[Data below]:
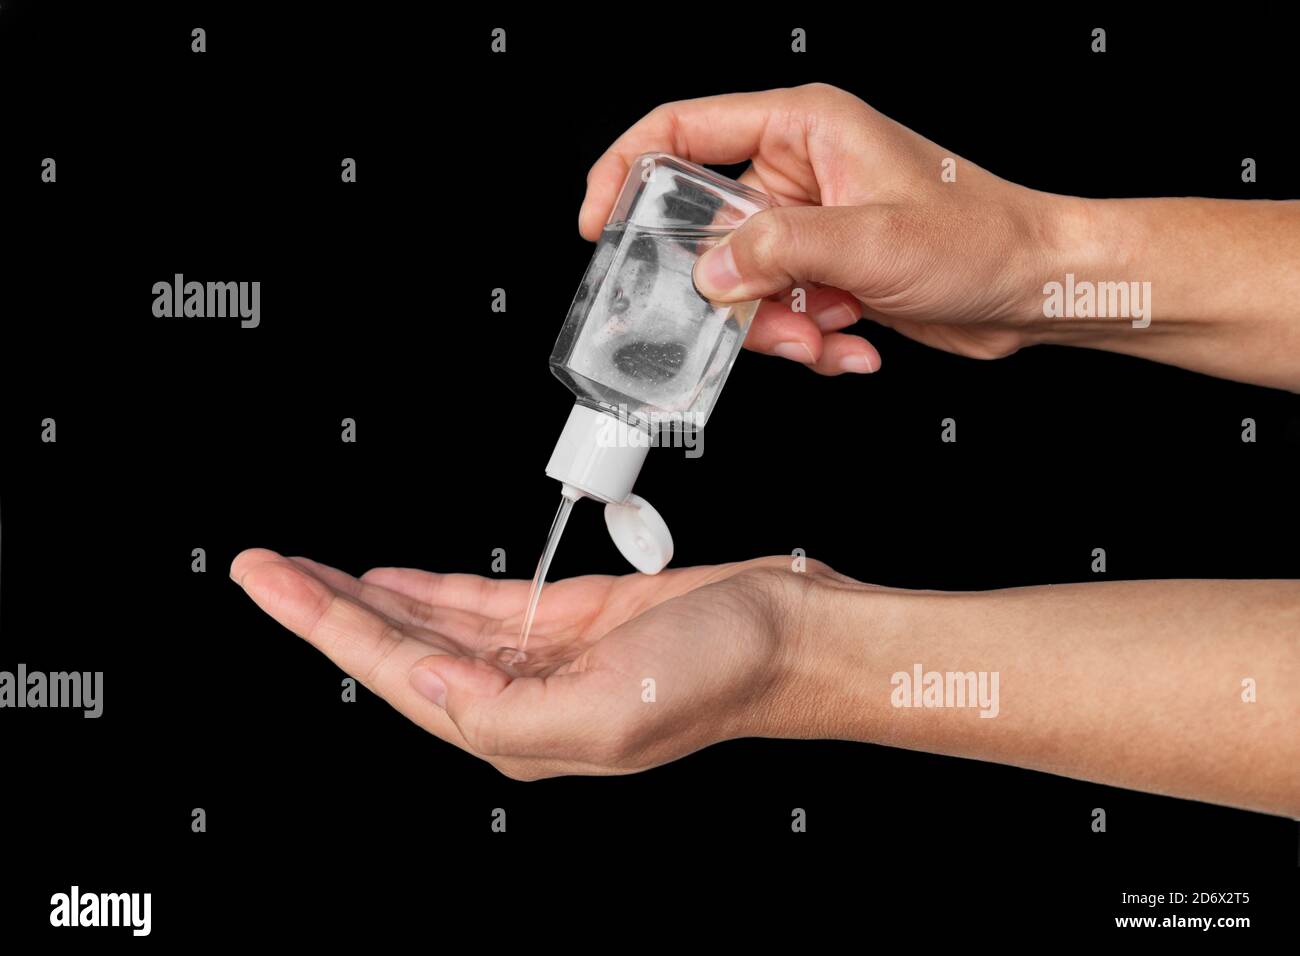 Portable small hand sanitizer bottle. Woman using to go dispenser for clean hands while commuting or shopping Stock Photo
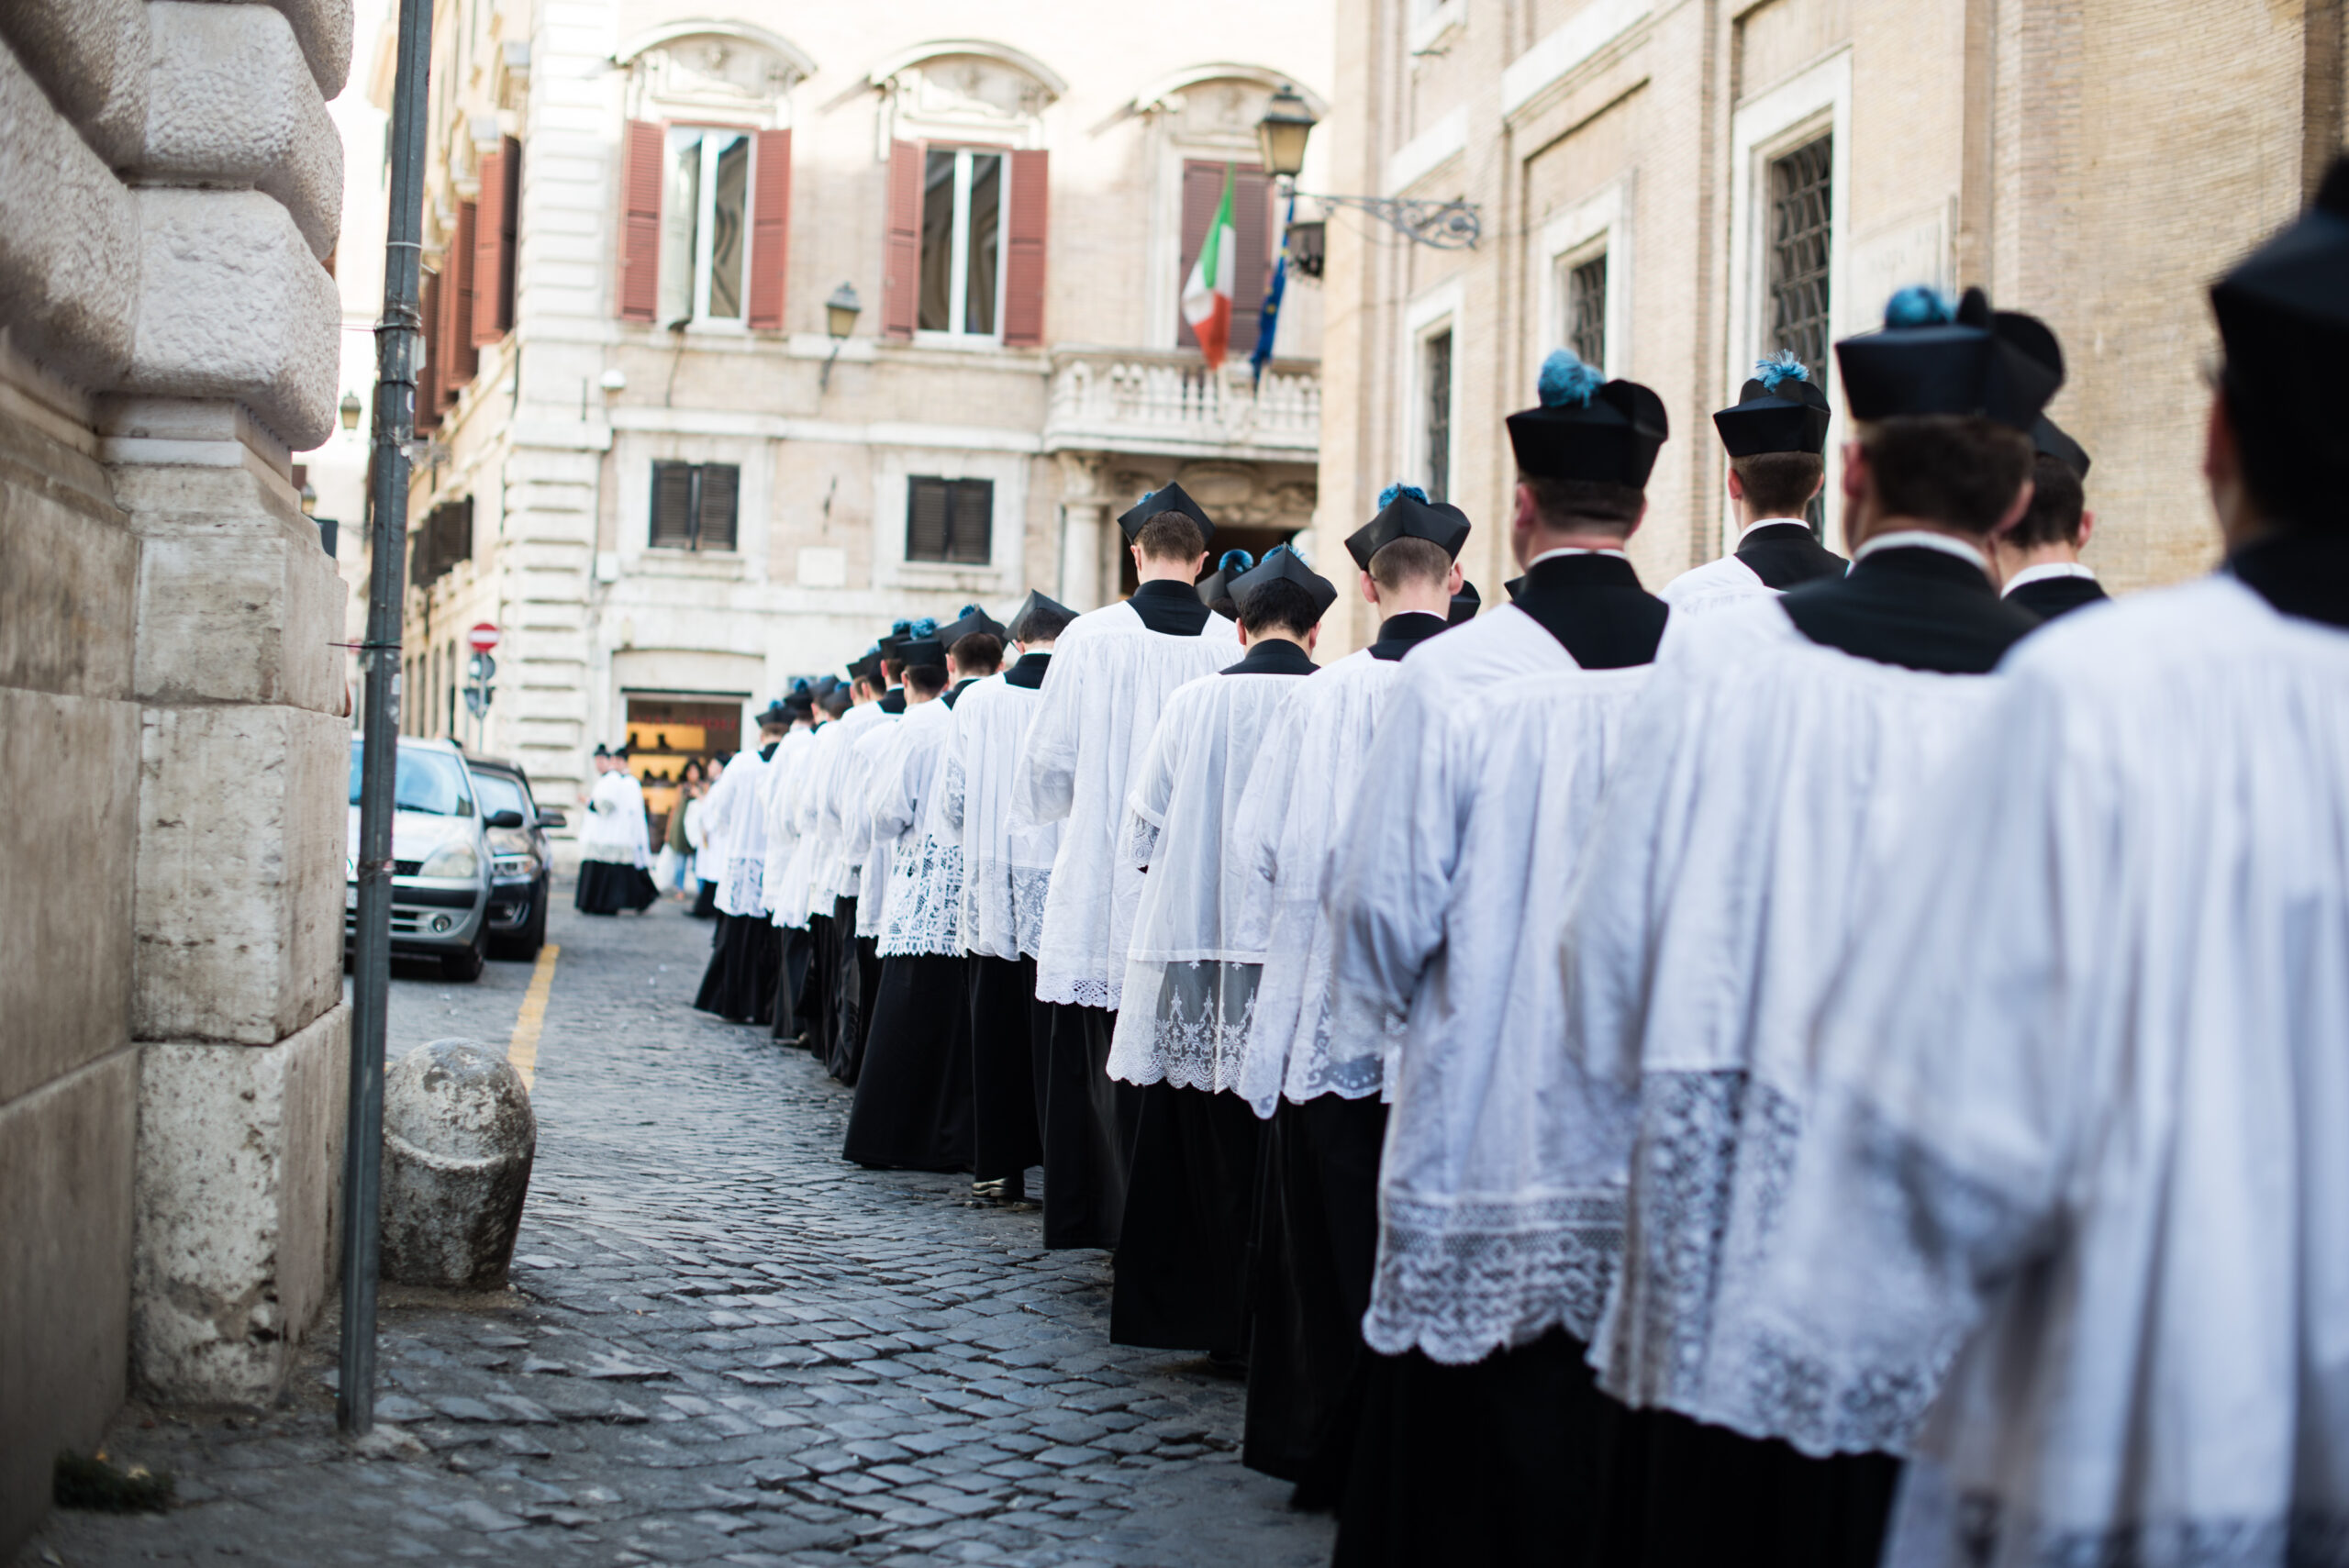 Clericalism – Curing the ‘Disease’
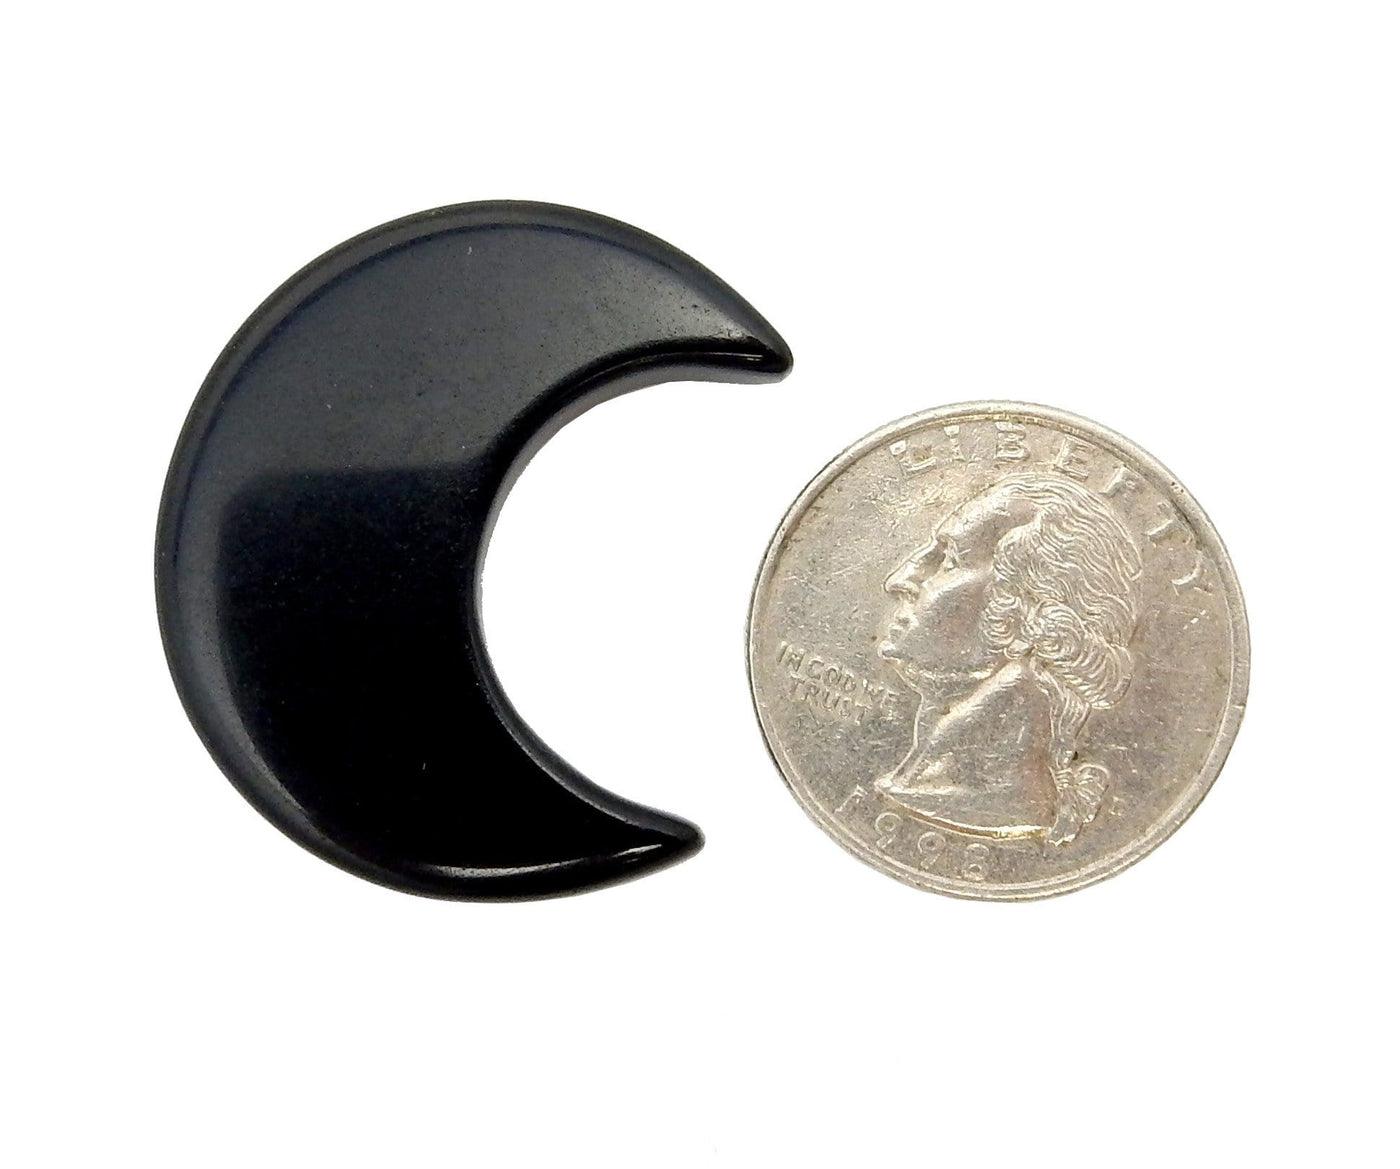 Black Obsidian Half Crescent Moon - Drilled displayed next to a quarter for size reference.

[Exercise goal]: Your task is to retype, exactly and only, the lines from the line holding "Clericalism – Curing the ‘Disease’" through the final line of the data above, with both ends kept. Drop the pictures.

[Answer section]:
 Clericalism – Curing the ‘Disease’
 Black Obsidian Half Crescent Moon - Drilled displayed next to a quarter for size reference.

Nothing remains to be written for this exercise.